Sent from my iPhone using Tapatalk Pro


----------



## andy80 (5 d ago)

Jojo420 said:


> Aspen doesn't hold the humidity at the correct level for ball pythons. I personally use Exo Terra rain forest, with Komodo tropical terrain compact brick (soaked) mixed through it.This holds moisture really well, and helps keep the humidity high enough ✌🐍


----------



## andy80 (5 d ago)

thanks for that info i have been looking at similar to that and mixing the 2 together i will give this a go and see how i go with it…. thanks


----------



## Jojo420 (2 mo ago)

Hope it works well for you 😊 You could also use some damp sphagmum moss to help with keeping the humidity up, and placing a bowl of water near the warm end can help too


----------



## TheHouseofReptilez (Sep 26, 2021)

50 / 50 mix of Coco Coir and Orchid Bark works a treat for my two Royals.


----------



## RICHARDCRANIUM9 (2 d ago)

andy80 said:


> i’m asking this qs as everyone has mix review on this, i use aspen but a lot of people say it’s not as good as other stuff just asking as i want to change!!


Personally i choose to use orchid bark it hold the humidity really well. it is especially good for getting those high humidities around shedding time also added some sphagnum moss in the cool side hide is a really good way to give your snake a nice place to start their shed.


----------



## LiasisUK (Sep 30, 2019)

Aspen is a poor substrate, as is beech chip. Neither hold humidity very well at all, and aspen will mould if it gets too wet. Lignocel is the best sort of 'sawdust-like non-natural' substrate as it does hold humidity a bit better. 

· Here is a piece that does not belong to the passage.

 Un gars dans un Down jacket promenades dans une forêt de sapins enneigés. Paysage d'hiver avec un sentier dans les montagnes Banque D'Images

HOWEVER the best substrate for royals is coir, reptichip/cocohusk, orchid bark or a mixture of a selection of those 3.


----------



## Elly66 (Feb 27, 2021)

I use aubiose ( hemp) and a small amount of orchid bark. I also have a large, moist moss box and find my Royal heads there during the shedding period. Plenty of branches, a large slab on bricks (basking spot), some stones and a large ceramic dog bowl of water at hot end, plus a smaller one at cool end. If humidity drops below 50% I give the wood, slabs etc a spray. 
I did have issues getting good humidity in my Royal's large, new viv, but with some tweaking solved the problem.
Hemp is great, it's dust free, absorbs smells and moisture and is safe. It's also incredibly eco friendly and I can buy huge bags of aubiose cheaply from a local farm supplies shop. I use it with my Corn and Royal, plus our chickens and my daughters gerbils.


----------



## Malc (Oct 27, 2009)

andy80 said:


> i’m asking this qs as everyone has mix review on this, i use aspen but a lot of people say it’s not as good as other stuff just asking as i want to change!!

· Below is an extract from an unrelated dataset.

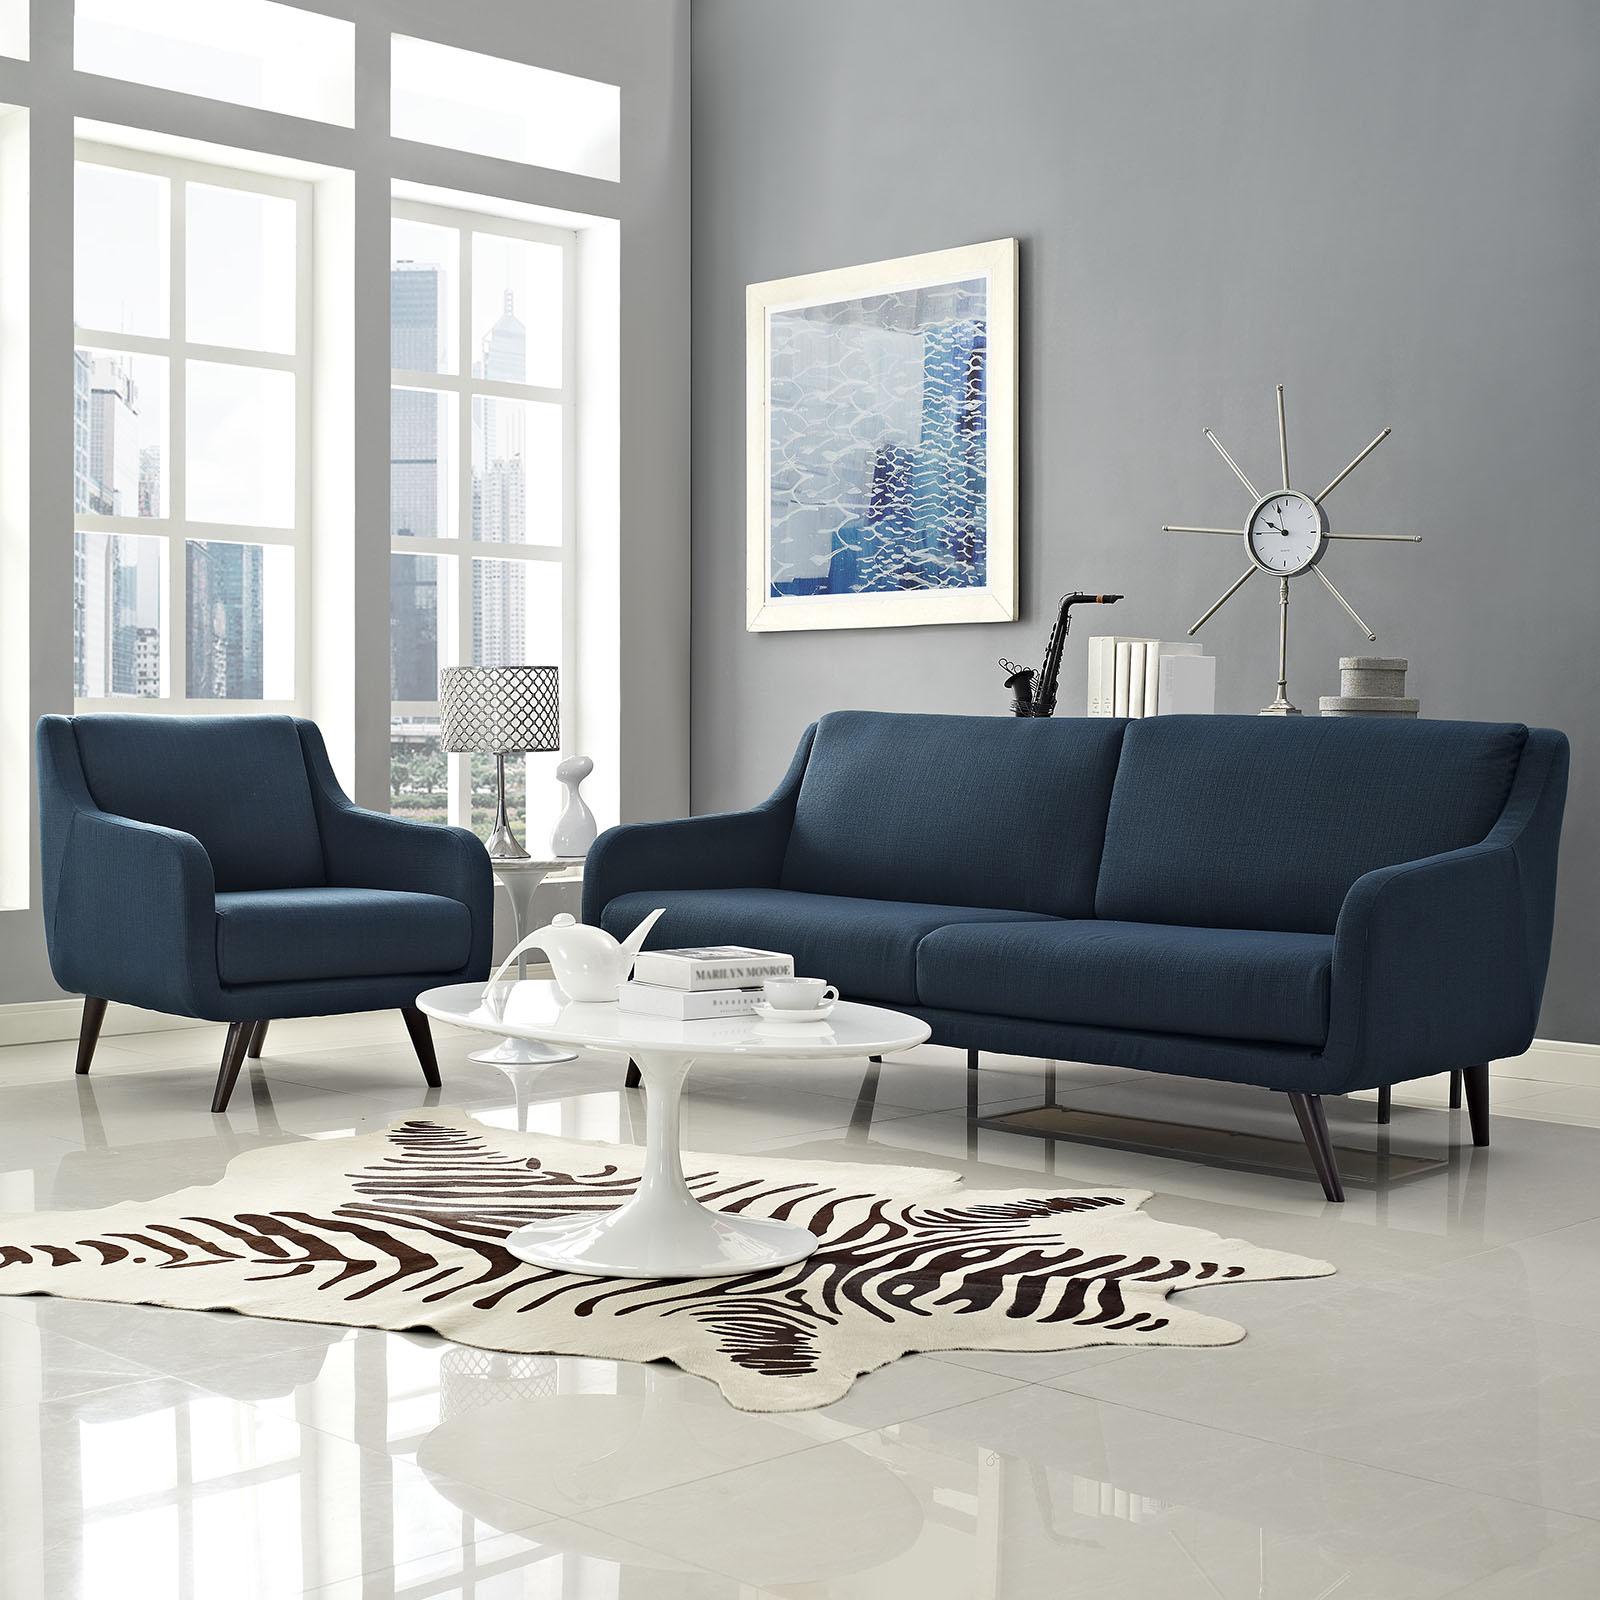 Modway Furniture Modern Verve Living Room Set Set of 2 - EEI-2447

Have a read of this thread - it discusses various products used as substrate for snakes with peoples personal experiences - saves repeating it all again


----------



## Spades (3 mo ago)

It really depends on the humidity in your room (and also what you want the viv to look like), but most need a moisture-retaining substrate. I use a blend of majority coconut coir with some playsand as I find it loosens it up and prevents it compacting as badly. I used to top it with husk, but since having a bit of a disaster with herphusk I've switched to topping it with lots of leaf litter, but may start re-adding orchid bark instead. I also liked forest floor, but it's not compacted and getting enough to fill the viv is difficult. Add to that we've got limited freezer space, sterilizing it in case of snake mites is a pain.


----------